Politics
Political world braces for the next generation of fake news
The issue was thrust into the national spotlight last month when Buzzfeed partnered with the filmmaker Jordan Peele to create a video of former President Barack Obama appearing to deliver a public service announcement about the potential impact of manipulated media. Only it wasn’t Obama.
Instead it was Peele’s impersonation of Obama, synced well enough with the former president’s lips to keep viewers open to the possibility it could be authentic until the message itself became a clear parody.
The video showcases both the potential and the limits of where the technology stands. A casual observer could be forgiven at first for mistaking the video for a genuine presidential message, especially if watching on a mobile device. A closer look is less impressive, but it may not be long before the signs of tampering become nearly impossible to pick up with the untrained eye.
Hany Farid, a digital forensics expert at Dartmouth College, said there has been a “startling improvement” over the past year in technology creating “deep fakes,” the artificial intelligence that allows users to swap people’s faces with relative ease.
“If there’s two dozen people in the world who can create fakes, that’s a risk,” Farid said. “But it’s very different than if 2,000 people or 20,000 people or 200,000 people can do the same thing because now it’s at the push of a button.”
Anyone with a mobile phone can now do the types of video effects that once required expensive software and extensive training; convincingly fake video addresses paired well with audio still require a certain level of expertise.
But other threats come from openly available tools like Lyrebird, a company that can create “digital copies” of voices that can be made to say anything, or real-time facial re-enactments like the ones researchers in Germany and at the University of Stanford unveiled in recent years.
“This is terrifying,” Shane Greer, co-owner of the publication “Campaigns & Elections,” told hundreds of digital consultants during a presentation on new forms of fake media at a tech conference in Washington last week.
Greer has delivered the talk to political consultants in the U.S. and Europe, and will soon add Mexico to the list, which is currently dealing with its own fake news problem ahead of elections on July 1.
The technology has already been “weaponized” in at least one instance in the U.S., Greer says, when a doctored animation of Parkland shooting survivor Emma Gonzalez tearing the Constitution quickly swept across conservative social media. In the original image, part of a Teen Vogue story on the youth-led movement to curb gun violence, Gonzalez rips in half a shooting range target, not the Constitution. The fraudulent image was shared thousands of times before Gab, a popular alternative to Twitter among members of the alt-right, called it “obviously a parody/satire.”

“Consider what was done with the Emma Gonzalez video now versus where that technology will be two, three and four years from now and what both those in the U.S. and international actors will be able to do to disrupt the democratic process,” Greer said.

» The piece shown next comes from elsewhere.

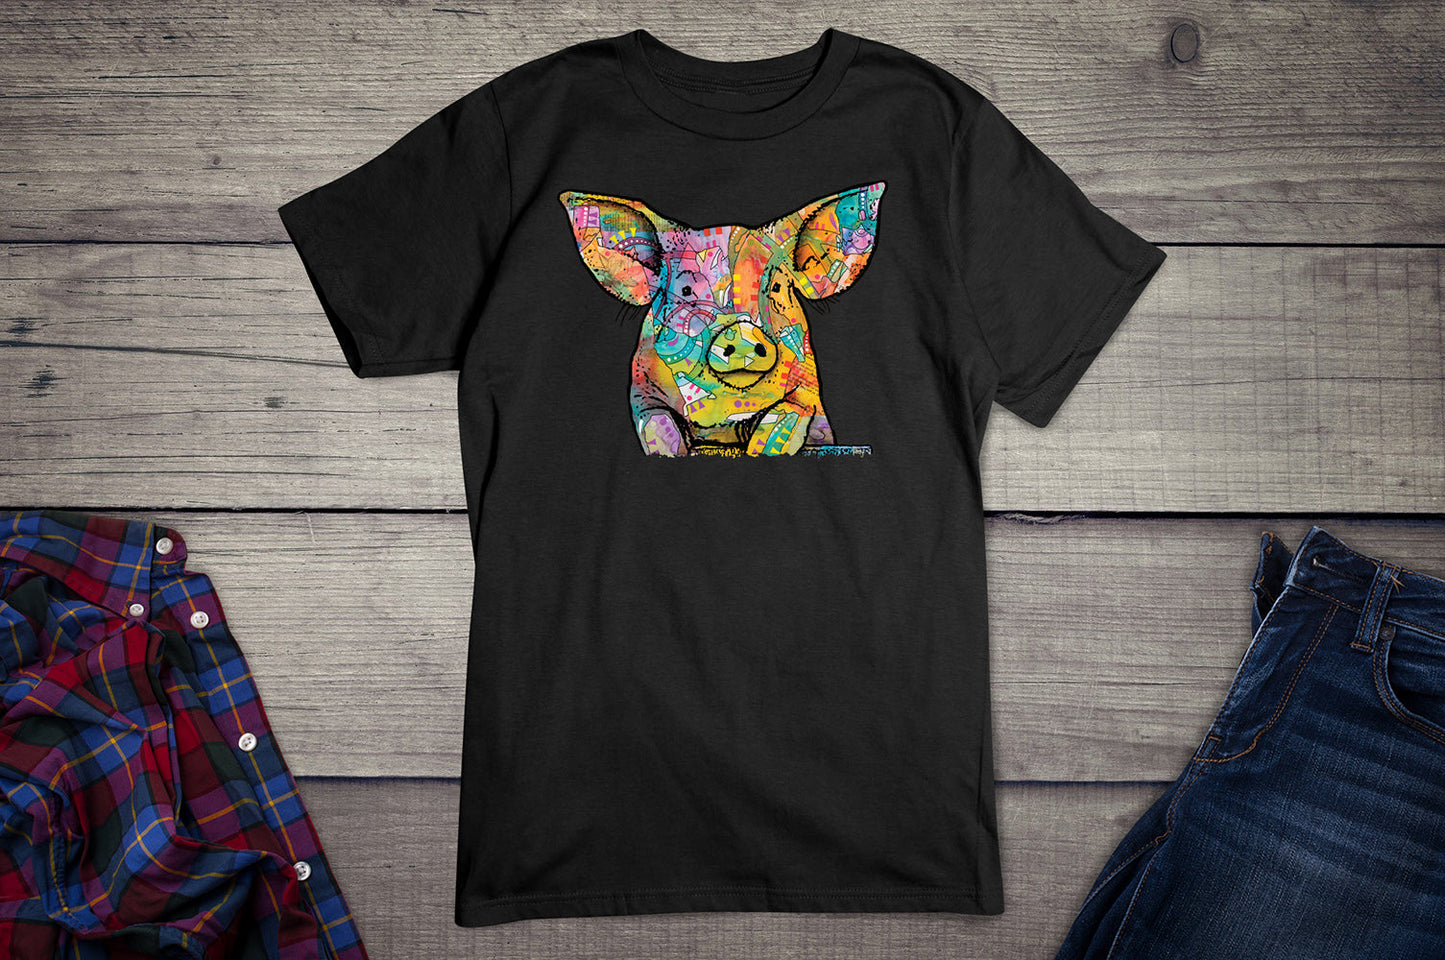 Neon The Pig T-shirt
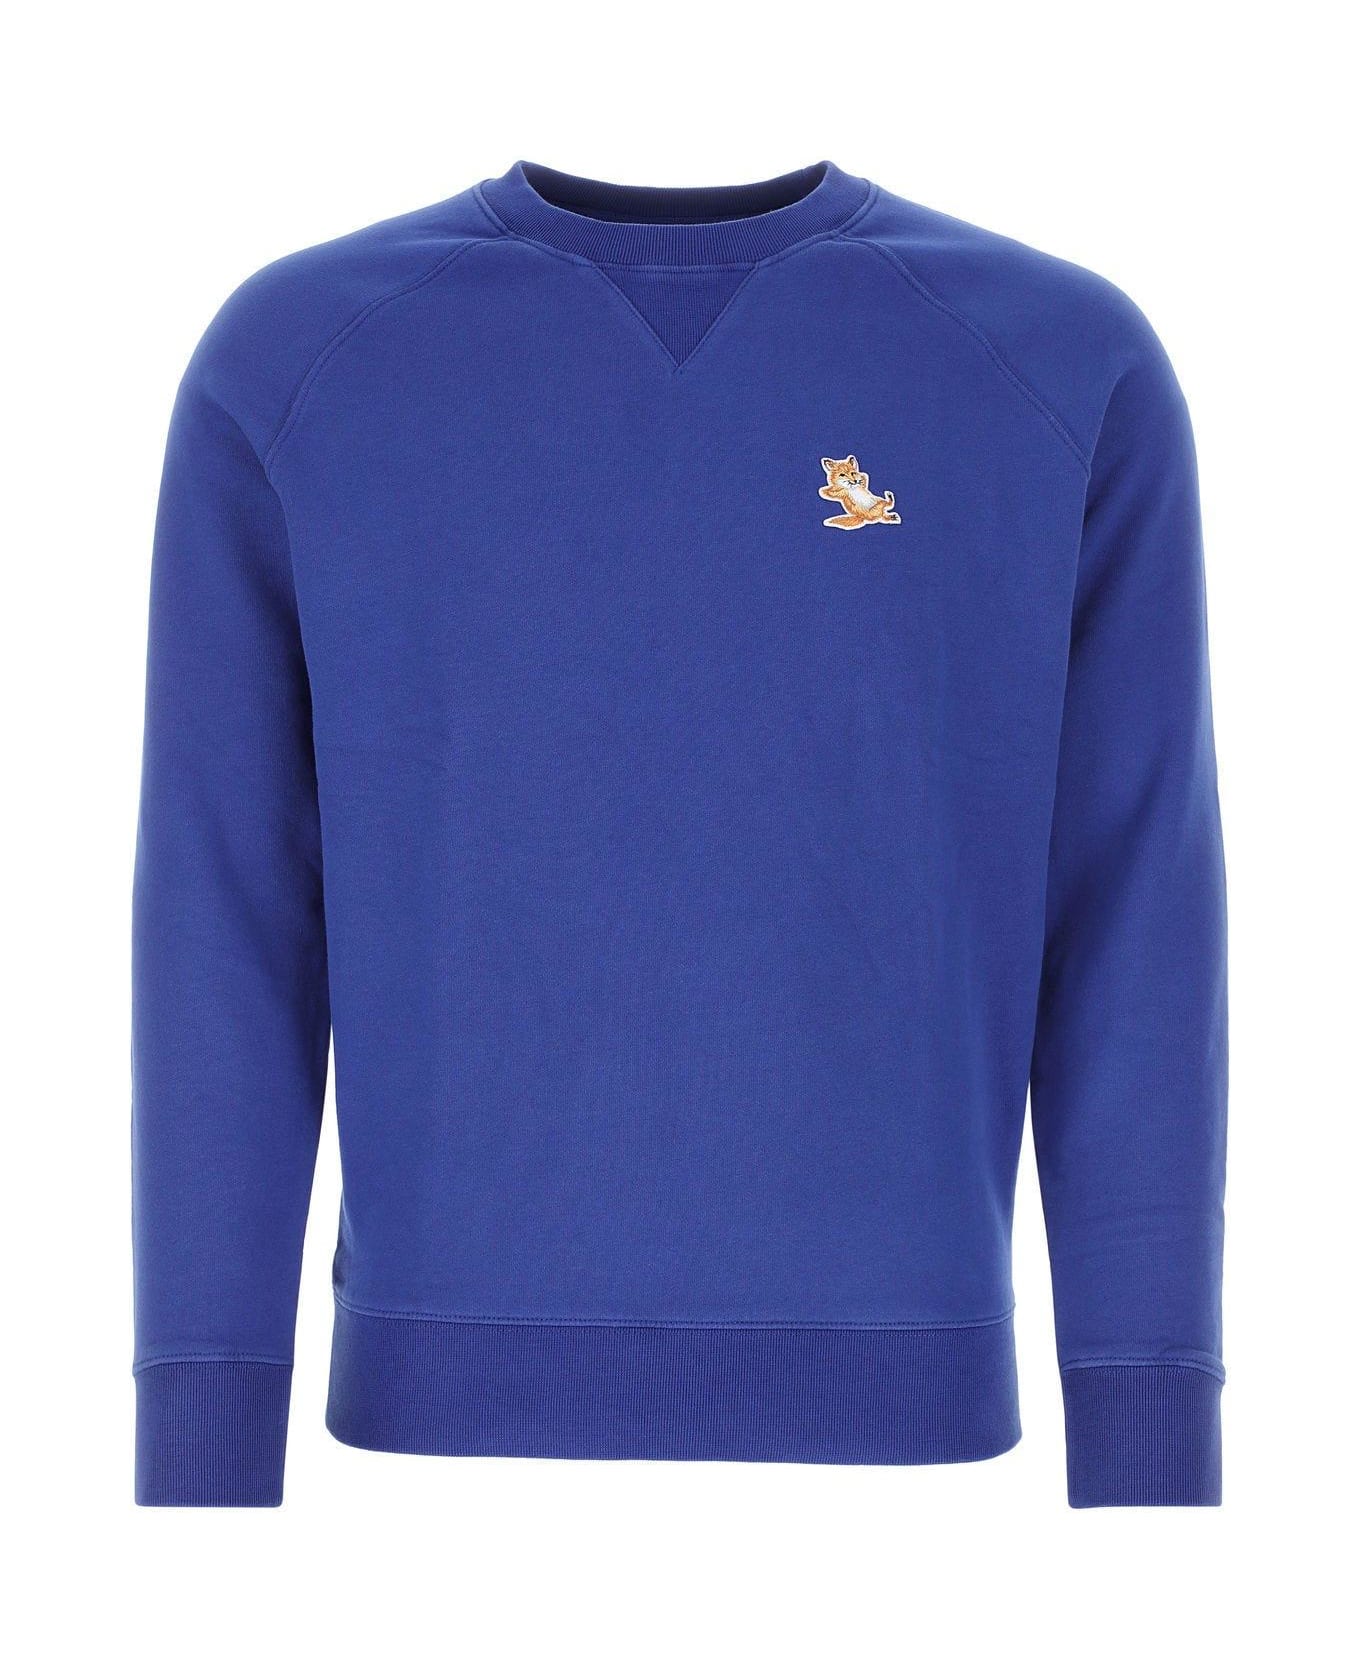 Maison Kitsuné Blue Cotton Sweatshirt - NAVY

The issue is on the minds of lawmakers like Sen. Mark Warner, D-Va., vice chair of the Senate Intelligence Committee. He is helping lead one of the congressional investigations into Russian interference in the 2016 presidential election, and has co-sponsored legislation, stalled so far, aimed at forcing websites like Facebook and Google to disclose more information about political ads appearing on their platforms.
“People will demand action being taken if we don’t find a way to collaborate [with technology companies] on this,” Warner told NBC News. “And the notion that the market is going to fix this or the tech companies themselves will police this, I just don’t think that’s going to be the case.”